Tuesday, October 04, 2005

Let me just play devil's advocate...

Picture source

The 10 Faces of Innovation
From the new issue of Fast Company: In an exclusive book excerpt from the general manager of Ideo, we meet the personality types it takes to keep creativity thriving--and the devil's advocate at bay.

When I first read this article, I jumped out of my chair! We have all been there, full of ideas and innovation, desirous to be part of a team that accomplishes great things - who doesn't want to make a difference in their vocation? Then that devil shows up, or at least his advocate. God wasn't kidding, when He talks about the evil characteristics of Satan, that he "kills, steals, and destroys" (John 10:10). But beyond his routine harassments, temptations or hit-and-run attacks, the Devil's forces seek territory to establish long-term strongholds in which they may dominate and hold us captive. Read on to see this played out in meeting rooms in America...

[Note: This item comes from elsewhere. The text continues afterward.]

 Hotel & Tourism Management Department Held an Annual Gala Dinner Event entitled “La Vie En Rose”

Adapted with permission from The Ten Faces of Innovation, by Tom Kelley with Jonathan Littman, to be published October 18 by Currency Books, a division of Random House Inc.

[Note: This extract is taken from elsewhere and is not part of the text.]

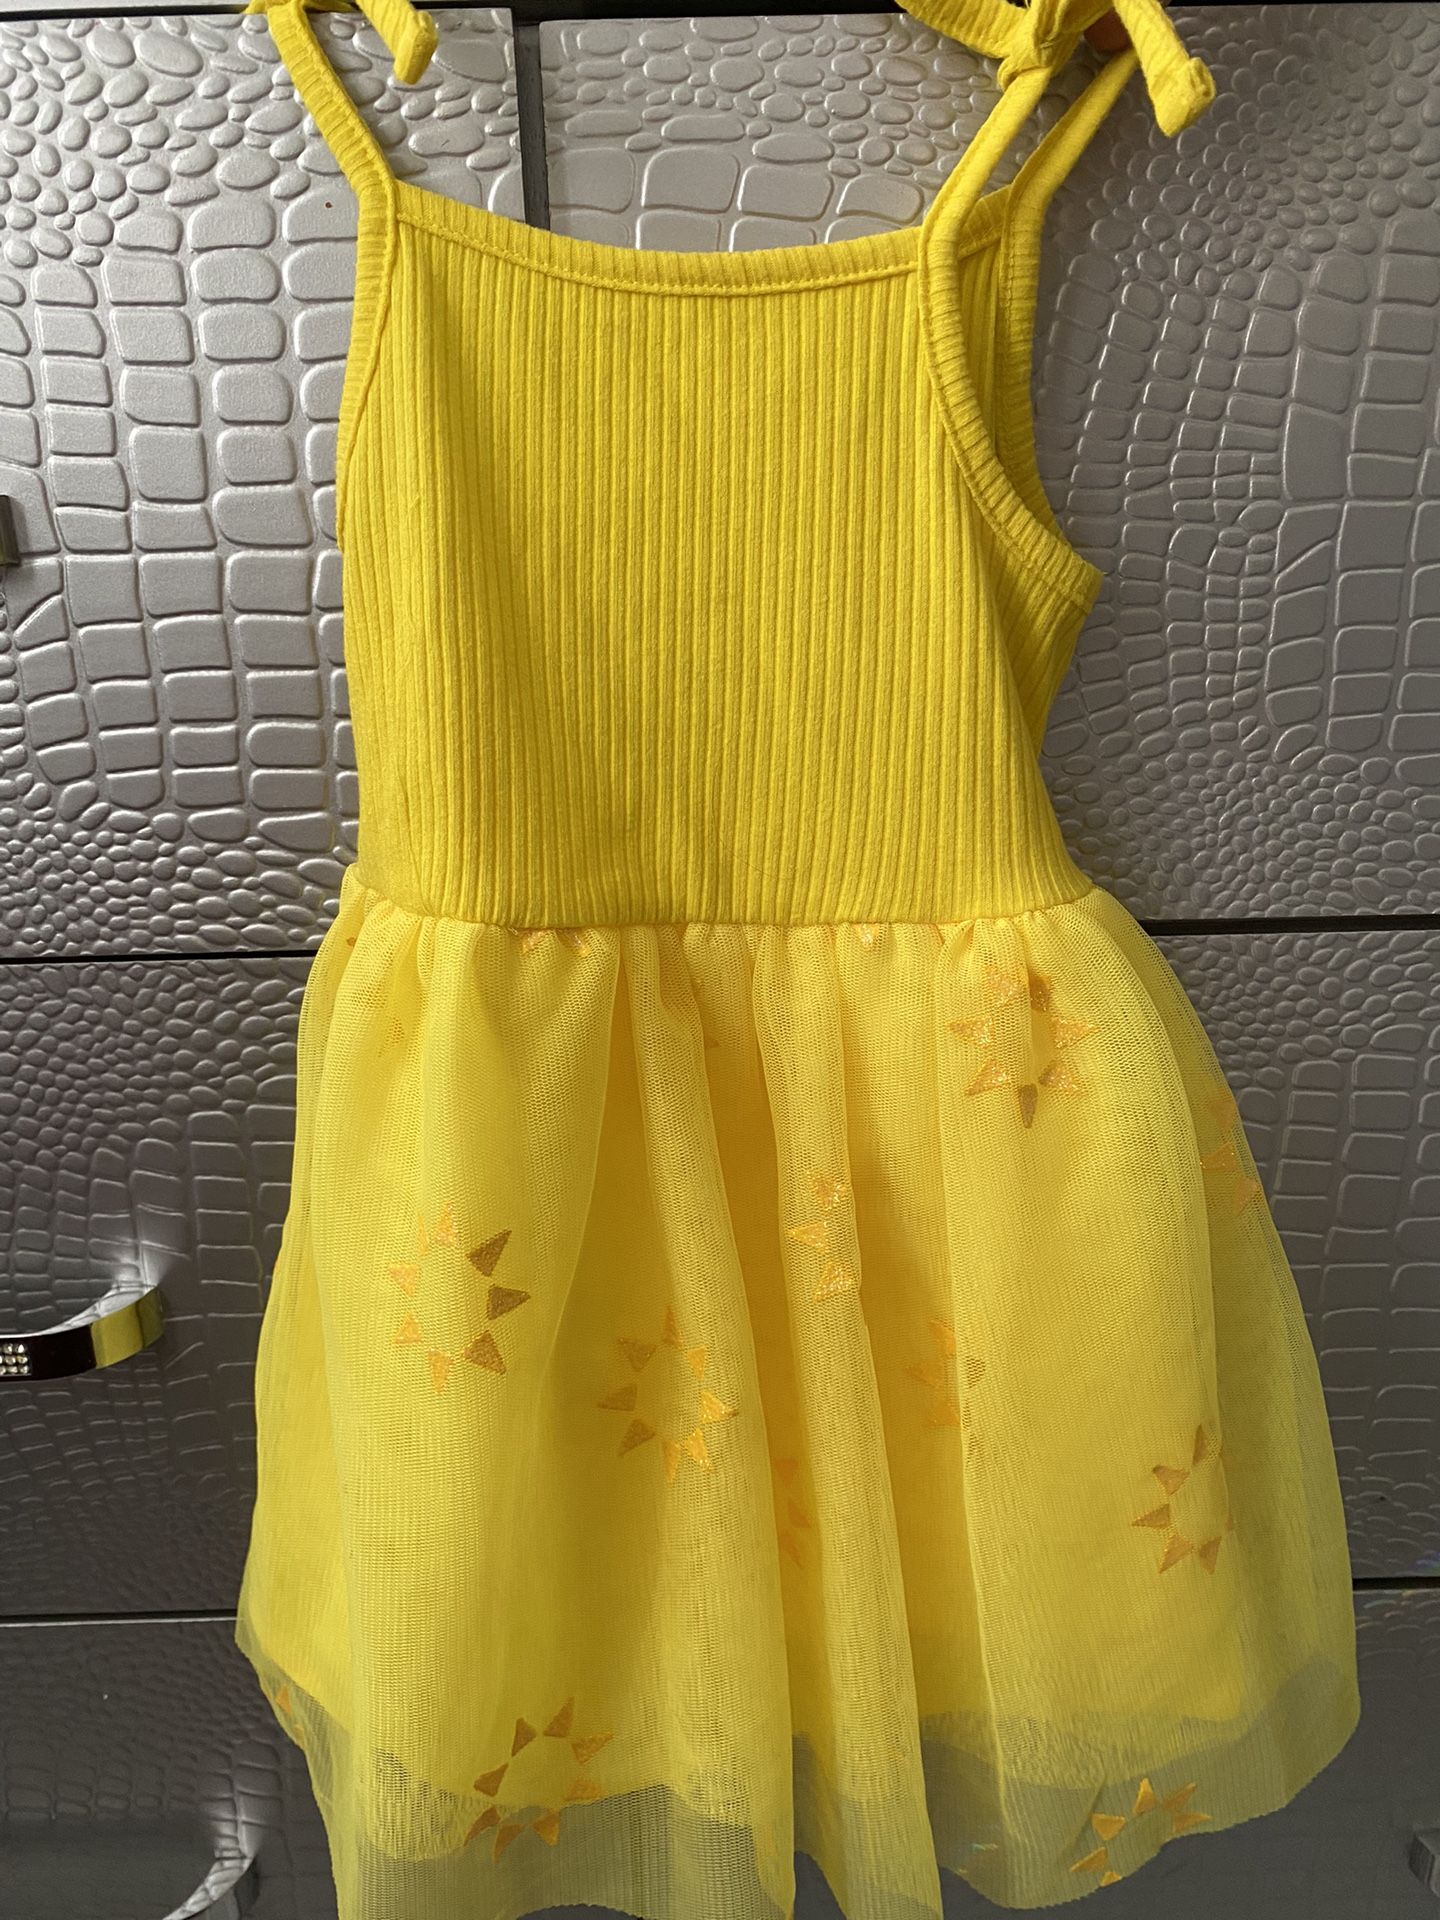 Yellow Sun Dress 12-18 Months Old

We've all been there: the pivotal meeting in which you push forward a new idea or proposal you're passionate about. A fast-paced discussion leads to an upwelling of support that seems about to reach critical mass. And then in one disastrous moment, your hopes are dashed when someone weighs in with those fateful words: "Let me just play devil's advocate for a minute. . . ."

Having invoked the awesome protective power of that seemingly innocuous phrase, the speaker now feels entirely free to take potshots at your idea and does so with impunity. Because he's not really your harshest critic. Instead, he's essentially saying, "The devil made me do it." Devil's advocates remove themselves from the equation and sidestep individual responsibility for the verbal attack. But before they're done, they've torched your fledgling concept.

read the rest here and be encouraged!

Innovation is all about people. It is about the roles people can play, the hats they can put on, the personas they can adopt. It is not just about the luminaries of innovation like Thomas Edison, or celebrity CEOs like Steve Jobs and Jeff Immelt. It is about the unsung heroes who work on the front lines of entrepreneurship in action, the countless people and teams who make innovation happen day in and day out.